La comparaison par RMN HRMAS entre tissus sain et tumoral prélevés chez le même patient a permis de déterminer le motif métabolique du cancer colorectal et les métabolites clefs dans la différenciation des deux groupes (Chan et al. 2009, (Jordan et al. 2009, Righi et al. 2009, Piotto et al. 2009, Tessem et al. 2010). L’adénocarcinome colique montre une augmentation des taux de glycine, lactate, acétate, taurine et lipides. Par contre, le tissu sain est caractérisé par une abondance majeure de myoinositol (Piotto et al. 2009). Très intéressante est la forte corrélation démontrée entre le profil métabolique d’échantillons tissulaires tumoraux (Cho et dérivées) et une instabilité microsatellitaire fréquemment retrouvée dans certains types de cancer colorectaux (Tessem et al. 2010).

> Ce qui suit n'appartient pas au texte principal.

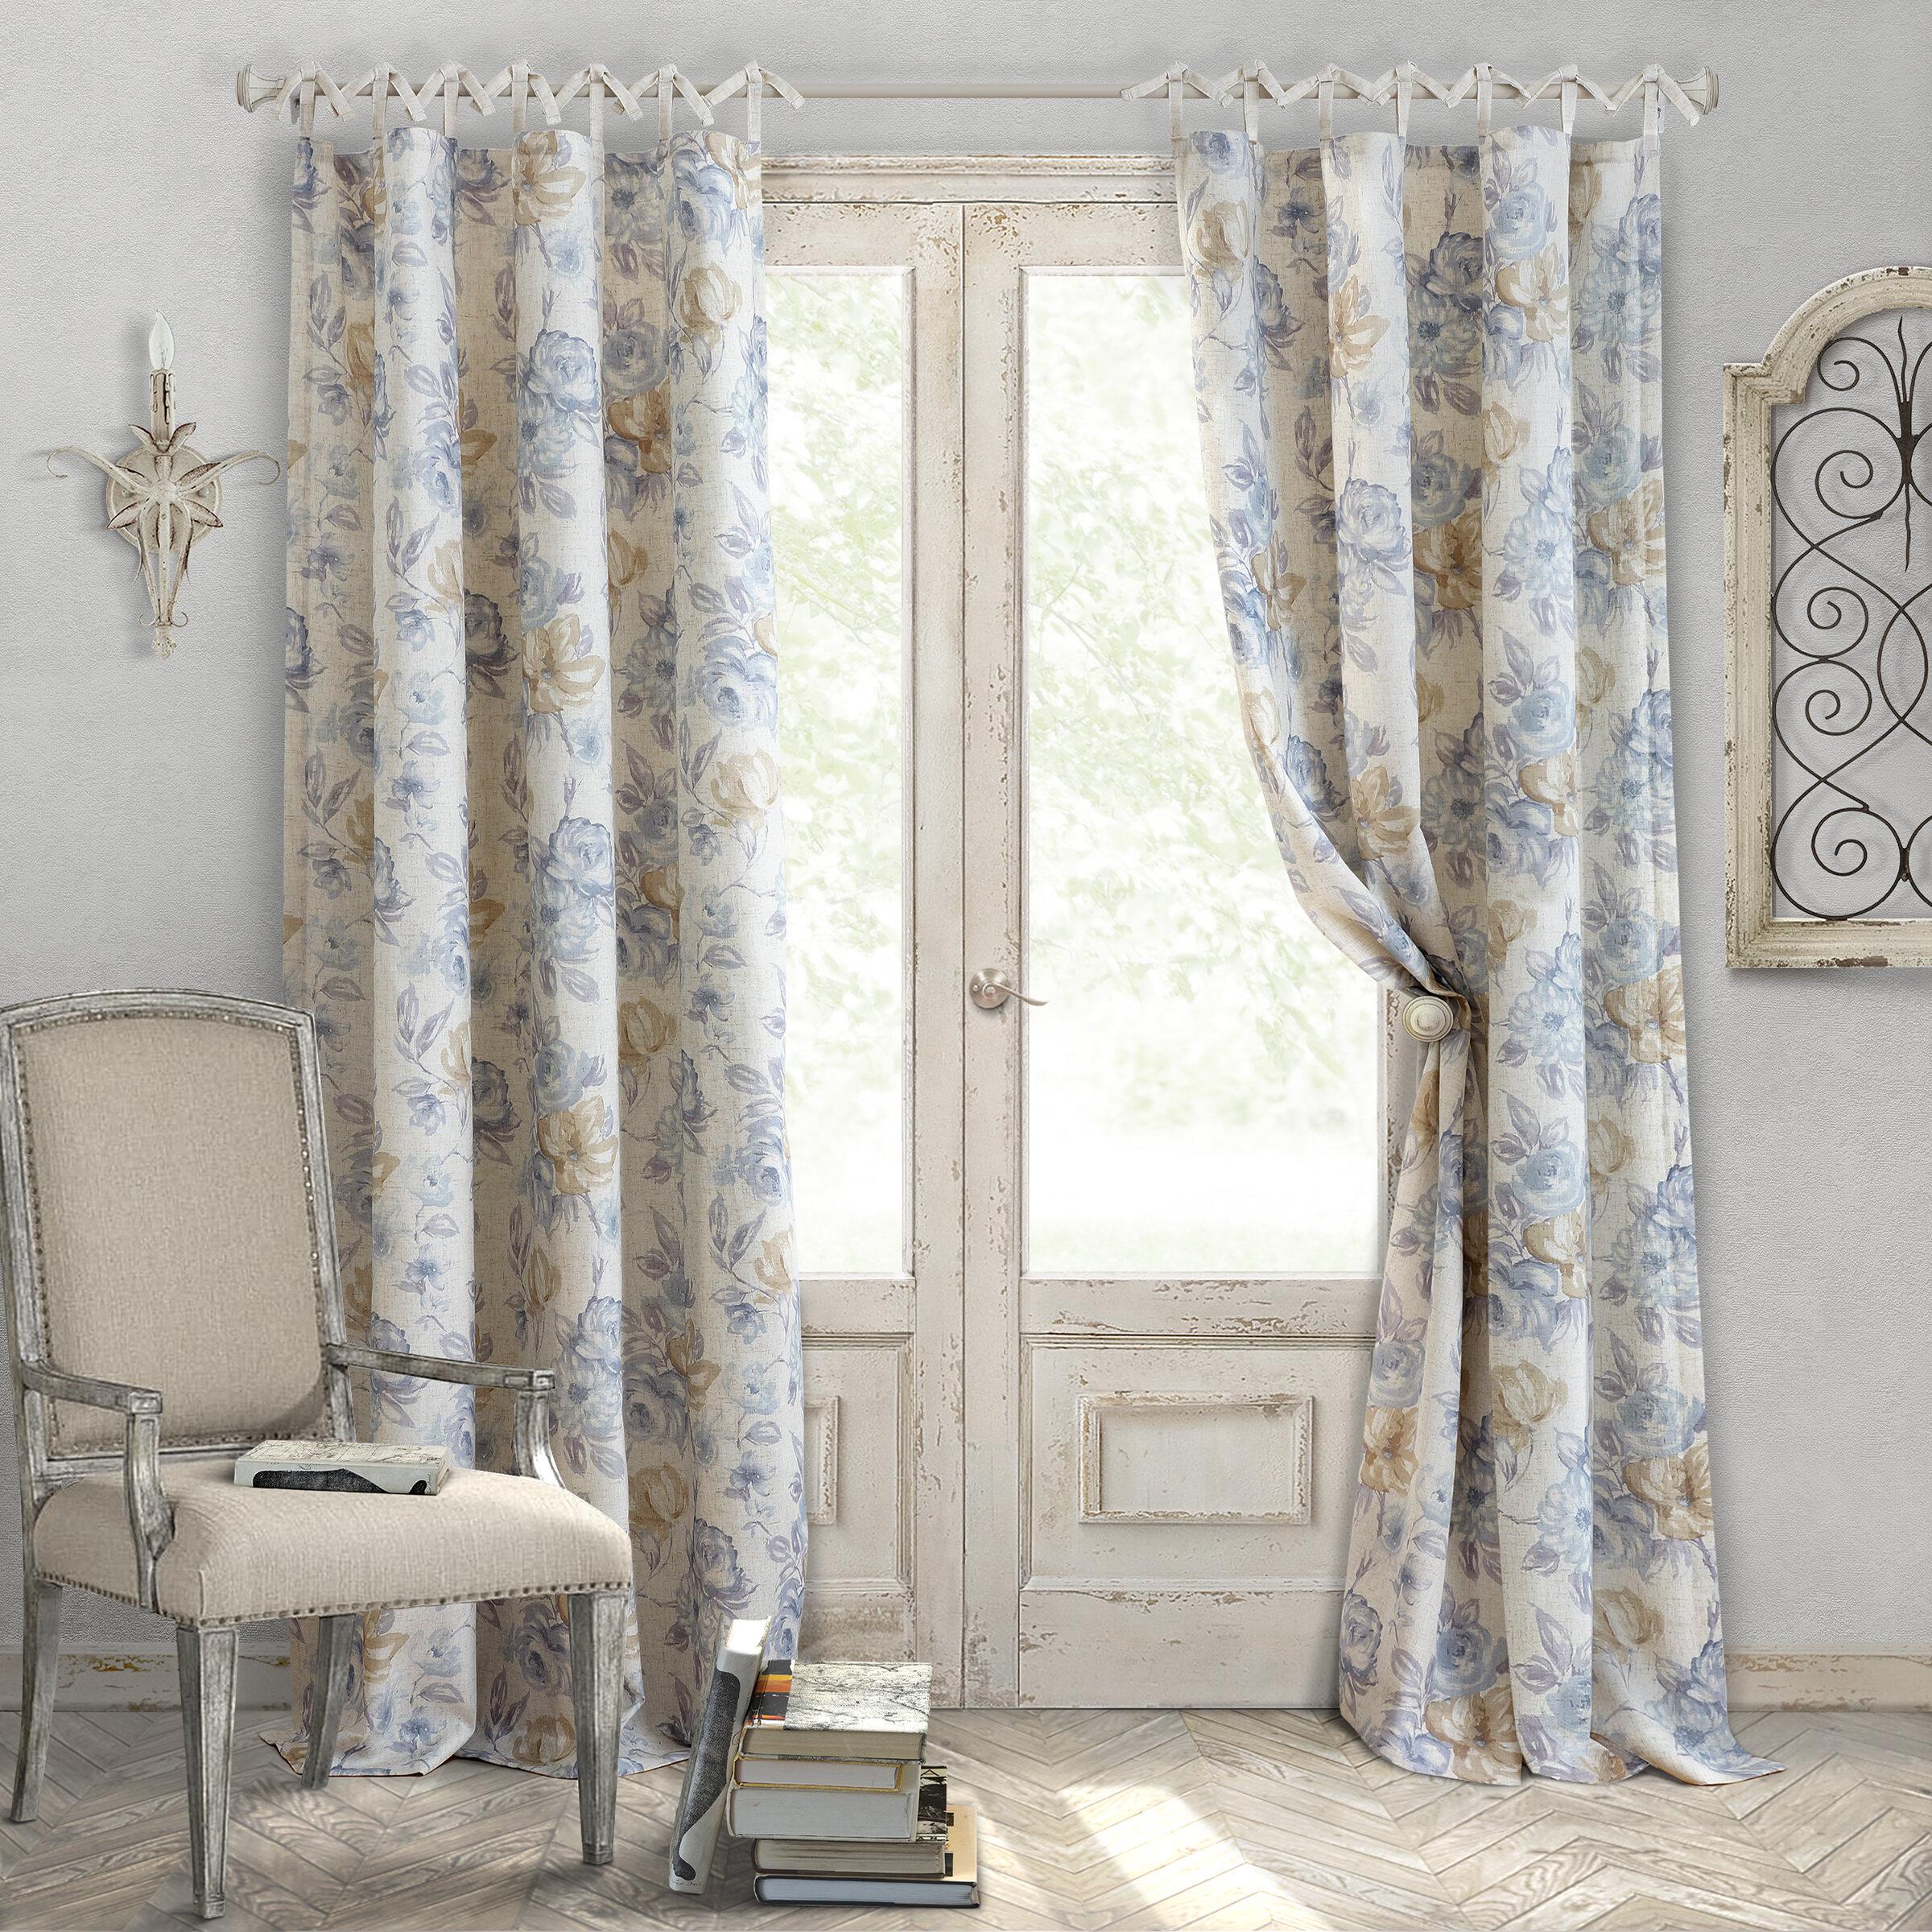 kitchen floral amazon home astoria curtain pair curtains panels greenland com window panel dp

La métabolomique représente une occasion unique d’explorer le processus complexes de la cancérogenèse et de la biologie tumorale dans le sens plus large. La métabolomique permet à la fois une exploration analytique de « découverte » mais également de cibler des aspects spécifiques du métabolisme néoplasique. Un exemple élégant à ce propos est constitué par les isocitrate déshydrogénases 1 et 2 (IDH1 et IDH2) nicotinamide adénine dinucléotide phosphate (NADP) dépendantes, qui montrent fréquemment une altération fonctionnelle liée à des mutations ponctuelles dans les gliomes (Yan et al. 2009). A partir d’études métabolomiques, on peut mettre en évidence que les formes mutées de IDH1 et 2 catalysent la synthèse du (R)-2-hydroxyglutarate (2HG), à partir de l’α-kétoglutarate (α-KG) (42). Le profilage métabolique par LC-MS/MS et GC- MS des cellules de gliome a montré que les mutations IDH 1 et 2 sont responsables d’une réduction nette de niveau des acides aminés N-acétylés ainsi que des intermédiaires du cycle de Krebs avec en conséquence une accumulation des substrats biosynthétiques, sans affecter en evanche le processus de glycolyse (Reitman et al. 2011). En autre, les effets des mutations IDH 1 et 2 sur le métabolome étaient très semblables aux changements observés dans les cellules normales après traitement avec 2HG. Il semblerait donc que ce soit la production de l’oncometabolite 2HG, et non le dysfonctionnement de IDH, qui constitue la clef du processus pathogéne (Reitman et al. 2011). Très intéressante est l'étude récente de Jain et al. concernant l’exploration du profil métabolomique extracellulaire à partir de lignées cellulaires néoplasiques NCI-60 de l'Institut National du Cancer américain (Jain et al. 2012). Selon cette étude, la consommation de glycine était corrélée au taux de prolifération cellulaire

néoplasique, sans affecter la croissance des cellules non cancéreuses, suggérant une caractéristique spécifique du cancer et l’implication de la voie de biosynthèse des nucléotides puriques.

Malgré ces avancées dans la connaissance du métabolome tumoral, il persiste encore plusieurs lacunes importantes. En particulier, il est difficile de généraliser les résultats obtenus à partir de chaque type tumoral compte tenu de la variabilité métabolomique constatée entre les différentes néoplasies avec comme conséquence directe l’incapacité de déterminer un profil métabolomique tumoral global (Griffin et al. 2004). Toutefois, à partir du profil métabolomique lipidique urinaire, les sujets atteints de cancer ont étés discriminés des volontaires sains avec une precision de 83% (Bathern et al. 2000).